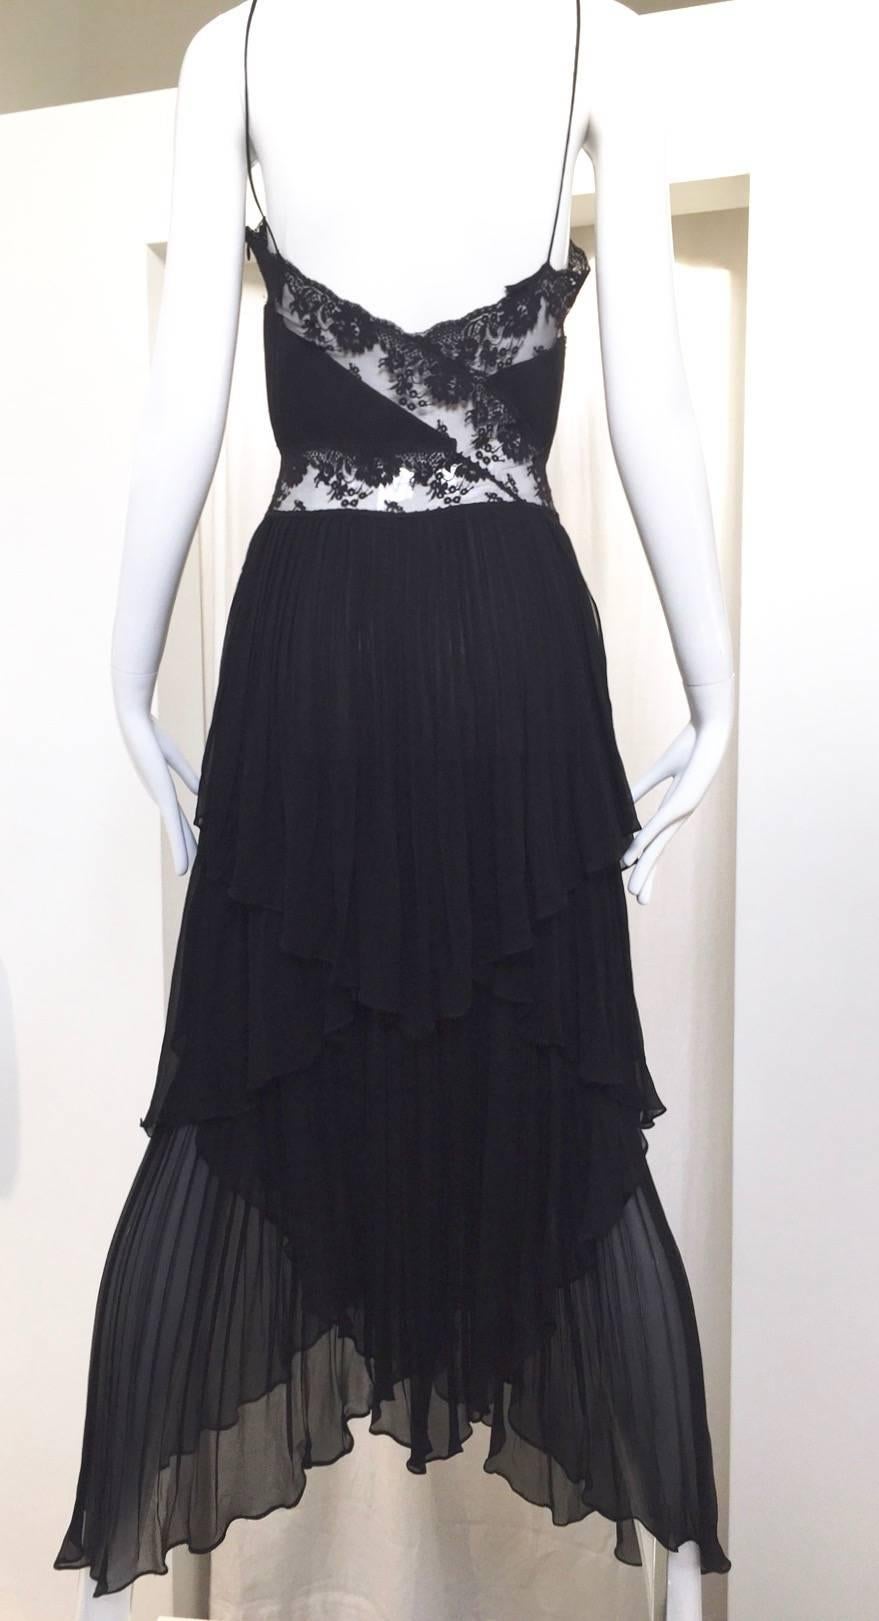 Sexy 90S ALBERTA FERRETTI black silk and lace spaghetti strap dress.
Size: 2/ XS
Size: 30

--

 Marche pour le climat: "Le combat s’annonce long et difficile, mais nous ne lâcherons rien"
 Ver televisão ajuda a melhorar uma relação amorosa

---

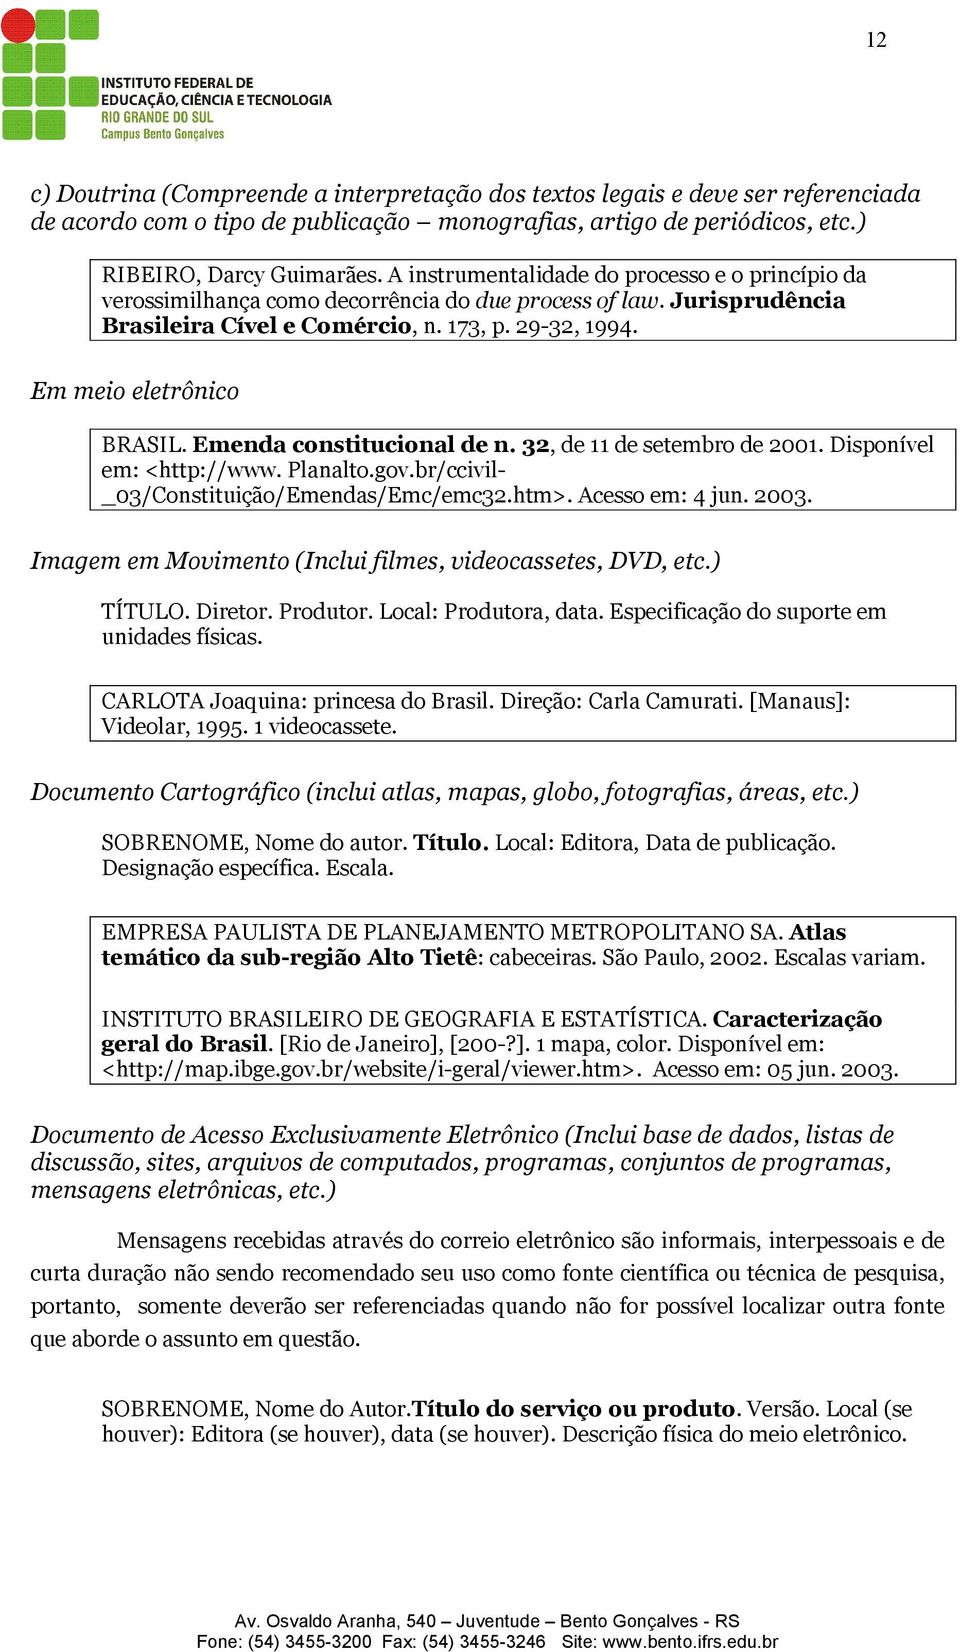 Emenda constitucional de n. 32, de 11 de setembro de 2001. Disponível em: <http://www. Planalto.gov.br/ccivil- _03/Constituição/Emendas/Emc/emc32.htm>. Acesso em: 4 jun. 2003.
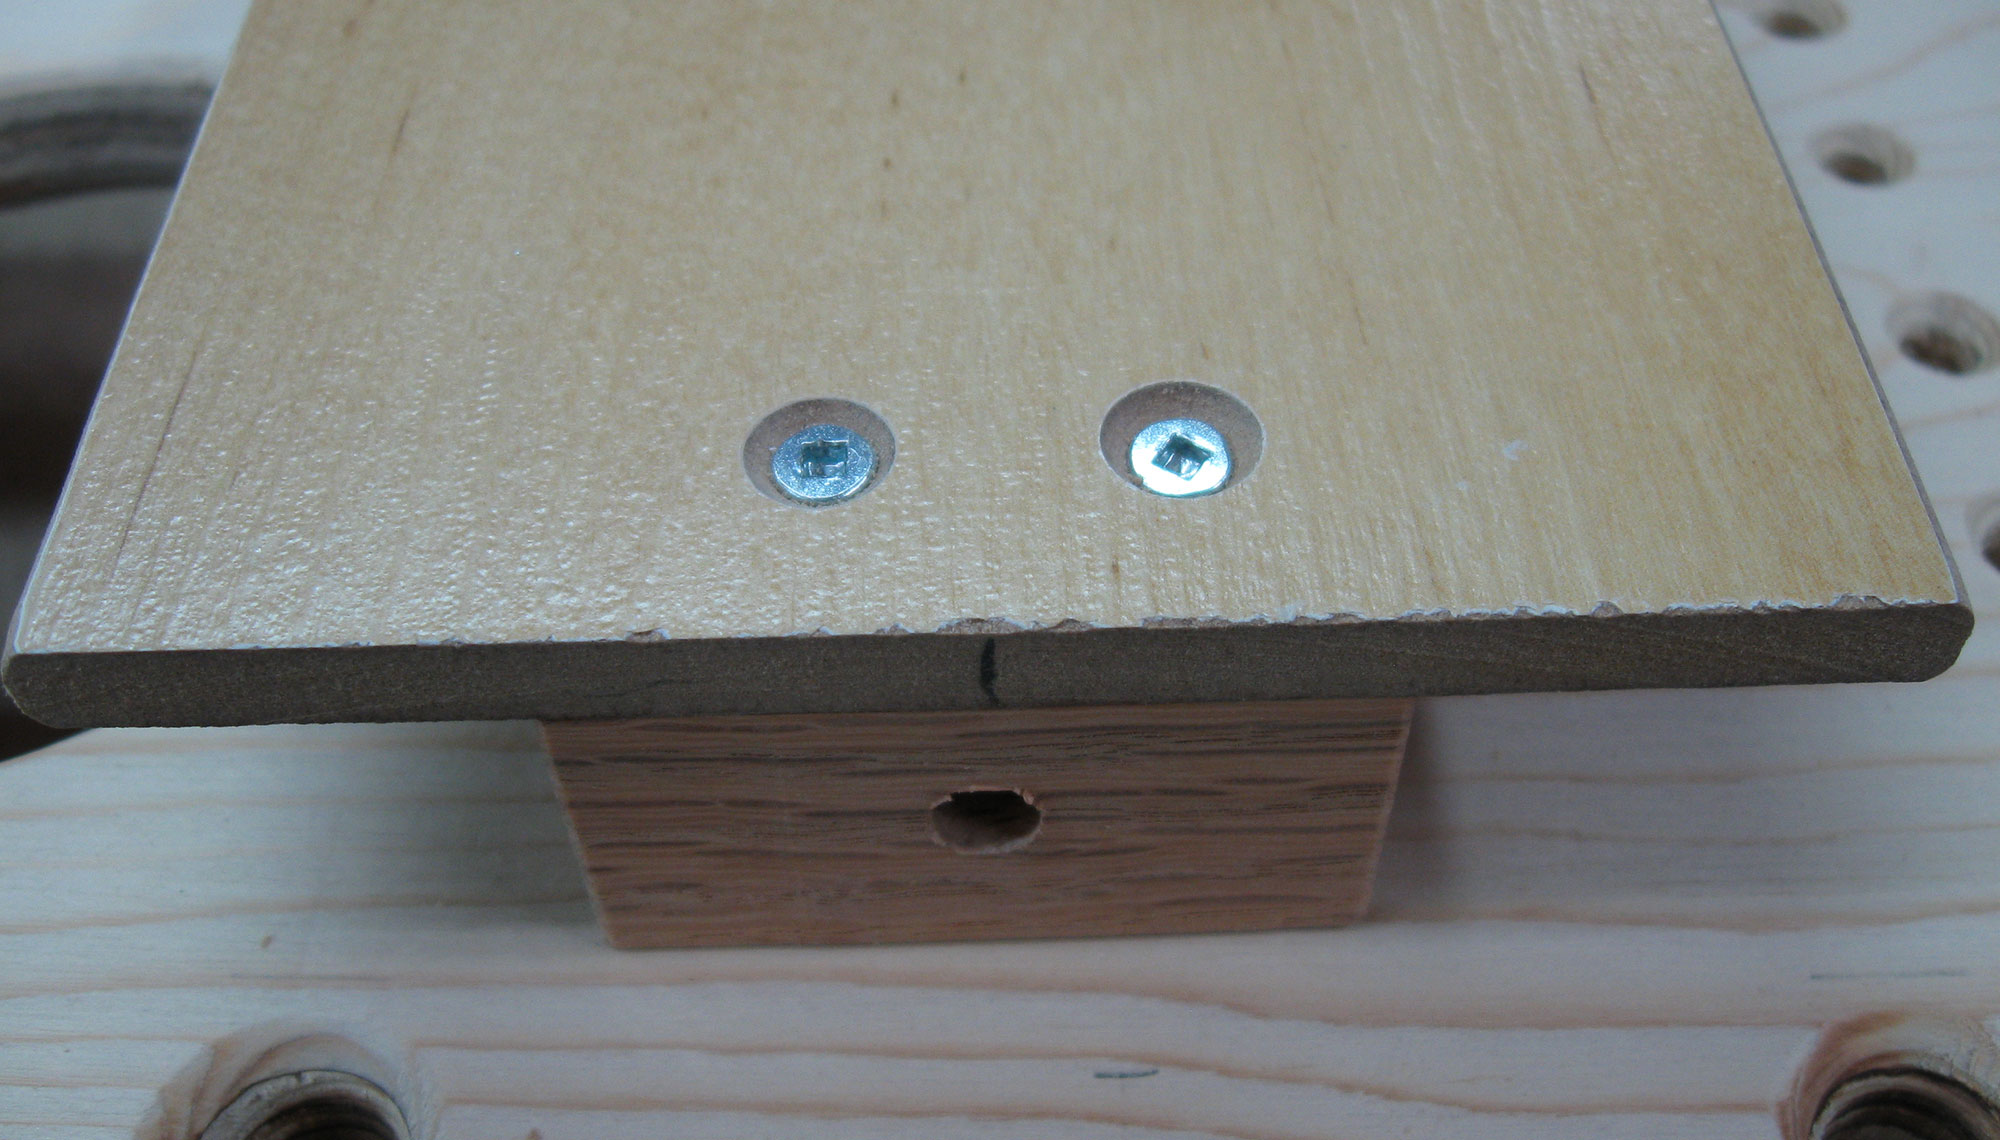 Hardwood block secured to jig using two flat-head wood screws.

__EXERCISE__: Although pictures appear among the records above, none are to be output; print exactly the lines from the line containing "Emenda constitucional de" through the line containing "Hardwood block secured".

__FINISHED EXERCISE__:
 Emenda constitucional de n. 32, de 11 de setembro de 2001. Disponível em: <http://www. Planalto.gov.br/ccivil- _03/Constituição/Emendas/Emc/emc32.htm>. Acesso em: 4 jun. 2003.
 Hardwood block secured to jig using two flat-head wood screws.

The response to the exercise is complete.